Как он носил их, бедняга, не запутываясь в лесу? Они-то и погубили его.
Уже горел костер, наскоро жарилось свежее мясо, чтобы подкрепиться перед дорогой. И вот тогда Шильдер сказал:
— Переночуем здесь, ребята. Что-то я очень устал.
Он все еще лежал. Казаки проворно натирали шкуру солью, обделывали голову. Вечерняя заря расцветила каменные вершины Цахвоа с ледником в глубоком цирке, белый хребет Больших Балкан и доверху зеленый Алоус. В природе опять разлился покой. Словно и не грохотал выстрел, и не пятналась трава сгустками крови.
Алексей Власович попросил разрешения отлучиться со мной, чтобы подняться повыше и осмотреть дальние увалы. Шильдер, не открывая глаз, сказал «да», и мы пошли в гору.
— Ты разумный человек, Алексей Власович, — начал я, желая как-то выразить ему благодарность за все происшедшее.

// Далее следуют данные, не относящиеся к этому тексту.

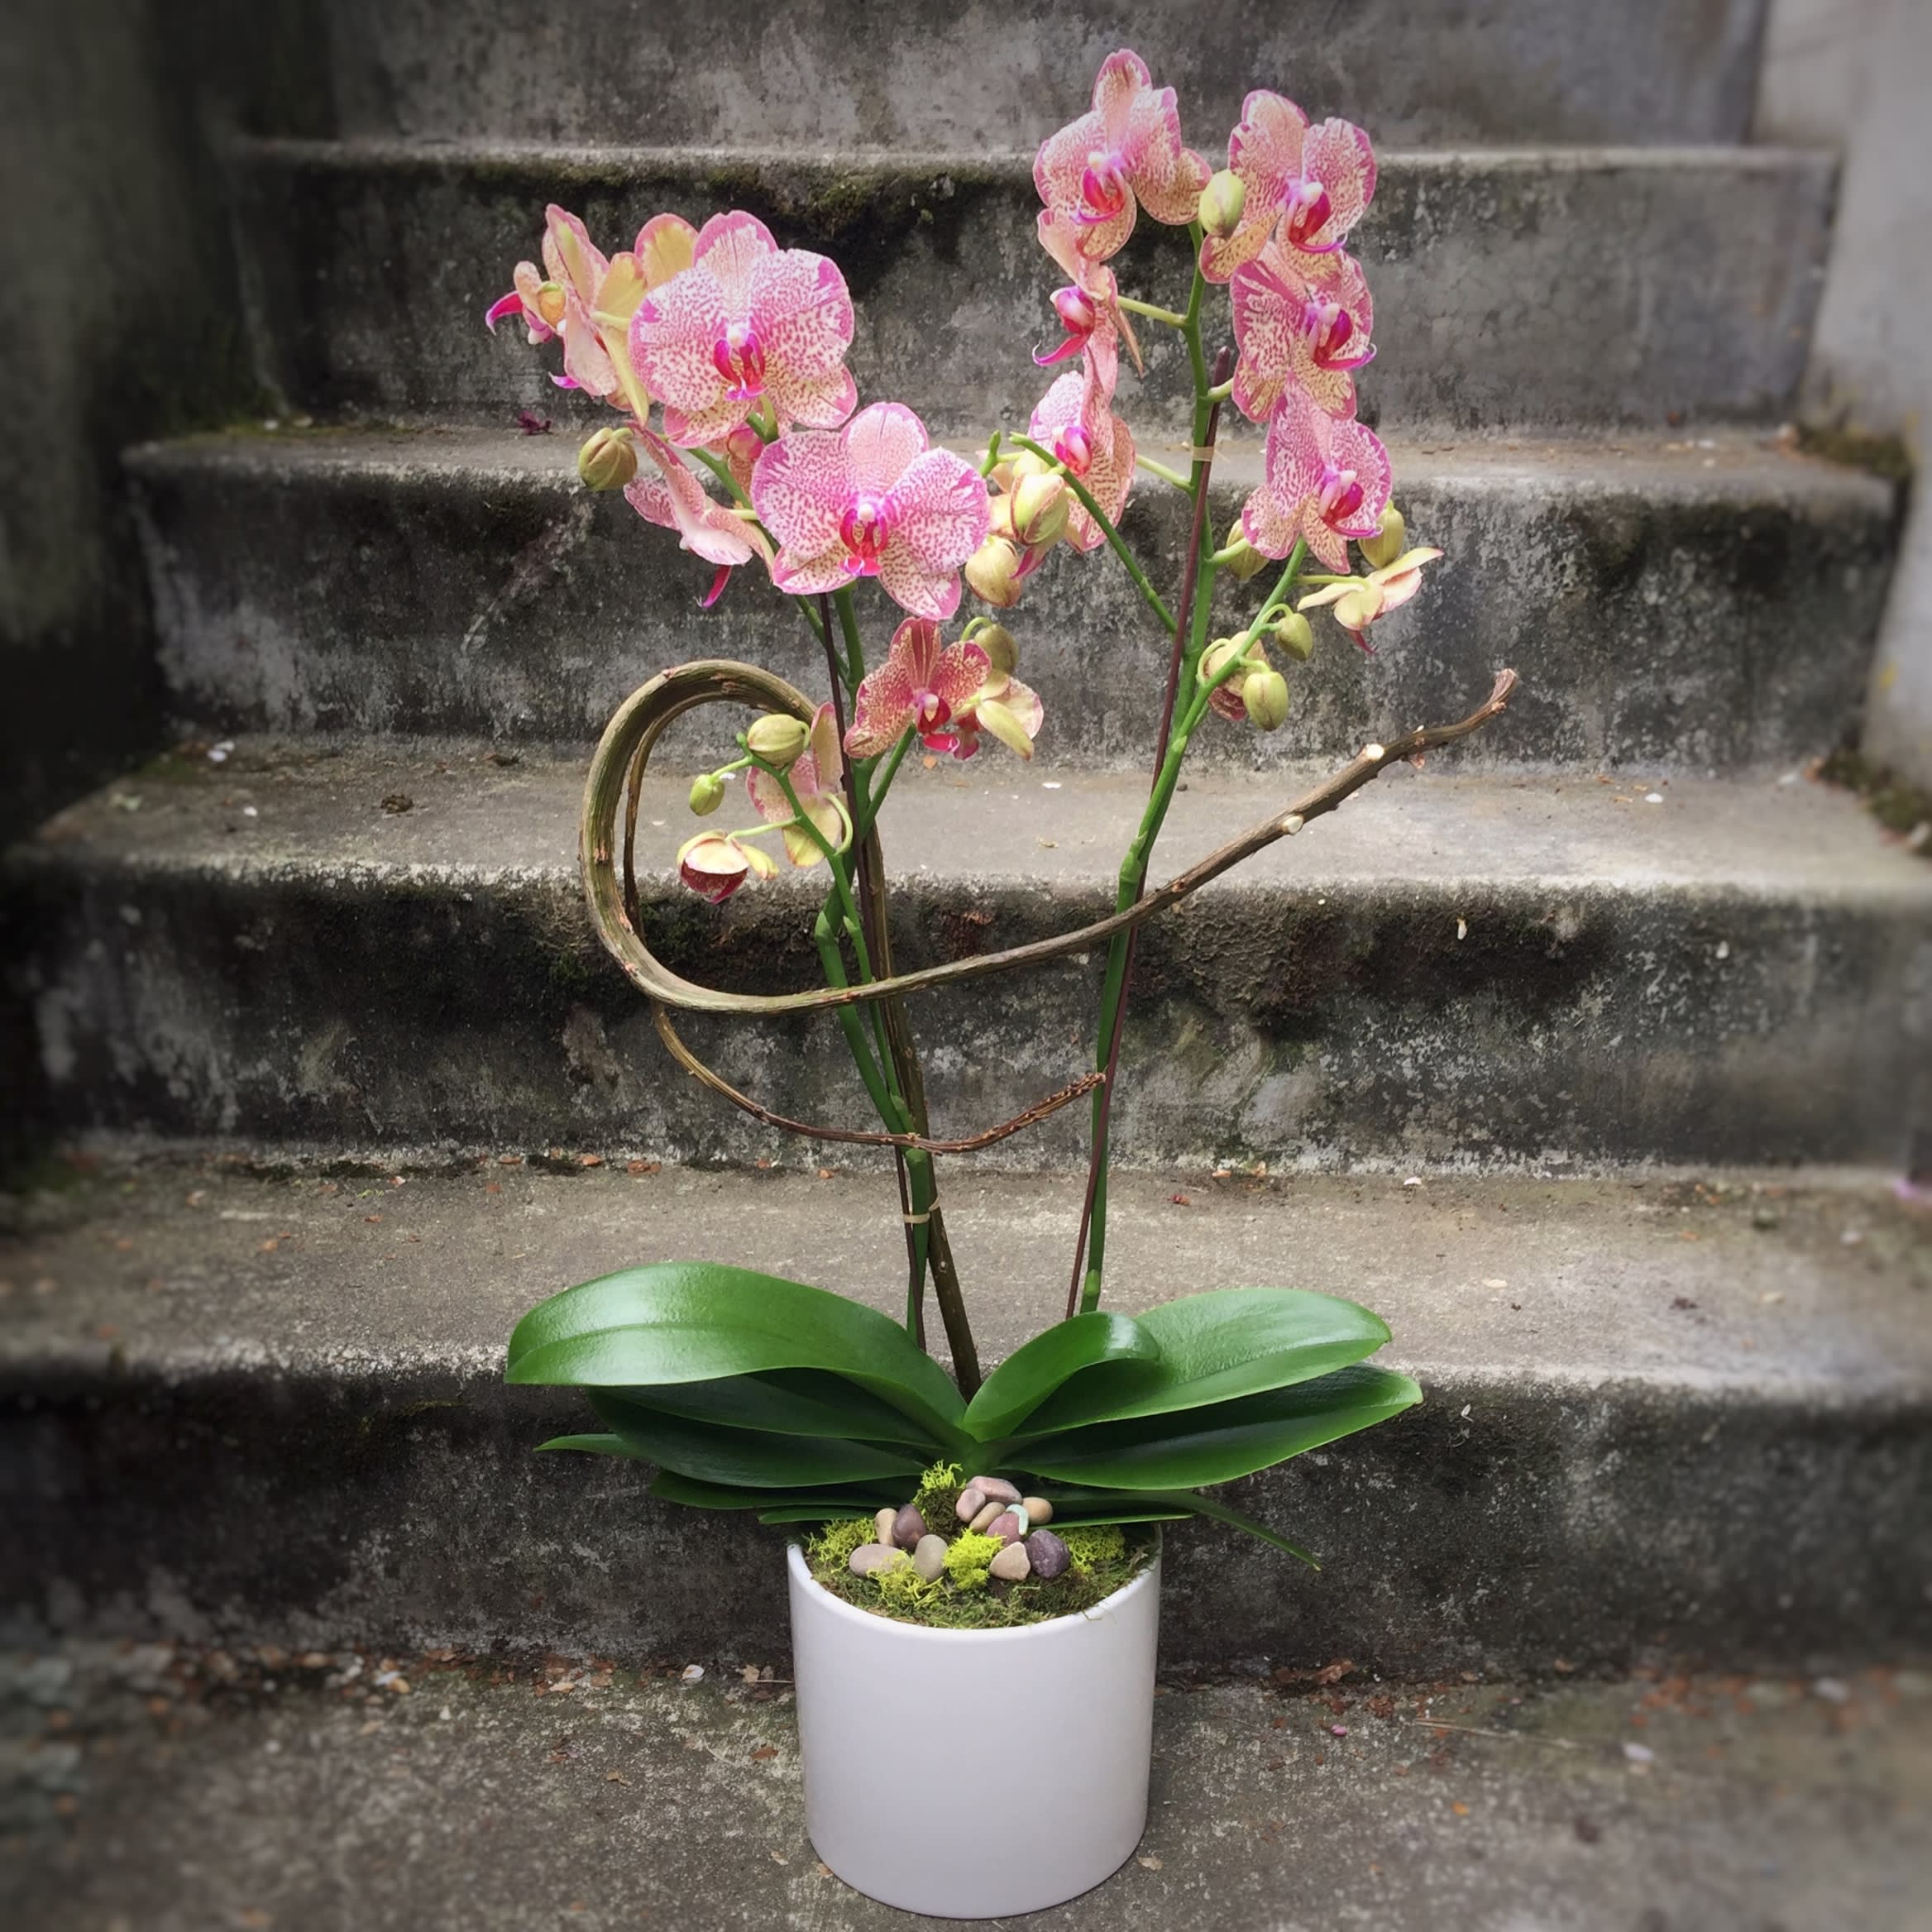 Double Stem Color Phalaenopsis Orchid Plants In Seattle Wa Fiori Floral Design

— Ну уж и разумный, — отозвался он. — Тут особого ума не надо. Зубров-то на белом свете все меньше и меньше. Каждый зверь на счету. По их следу смерть так и ходит. Принц положил одного — и будя! Мы с тобой сохранили другого, оленем расплатились — и то на душе теплей. Как гости уедут, думаешь, тихо сделается? Как бы не так! Ты здеся, а какой-нибудь Лабазан уже на Бомбаке с винтовочкой шарит. Ты бегом туда, а вот тута уже абхазцы с мушкетами зубров стерегут. Ведь что, гады, проделывают? Свалят зверя, из шкуры ремней нарежут, мяса того возьмут пуд-другой, рога отобьют, а остальное шакалам. Находил я такие клады.
— Зачем ремни-то?
— Пояса, понимаешь, делают и продают. Поверье у них старое: с таким поясом роженица-баба будто бы проще, легшее дитё рожает. Большие деньги за такой пояс берут! Ну, и рога, кубки, значит. В серебро отделают, полировку там аль еще как — князю своему с поклоном, тот рублей за такой подарок не жалеет. Нагайкой надо, а он одаривает, темный. Зубров все менее, им уж и дыхнуть негде, Умпырь-долина да Киша остались, ну, Молчепа еще, Абаго. Зажаты со всех концов.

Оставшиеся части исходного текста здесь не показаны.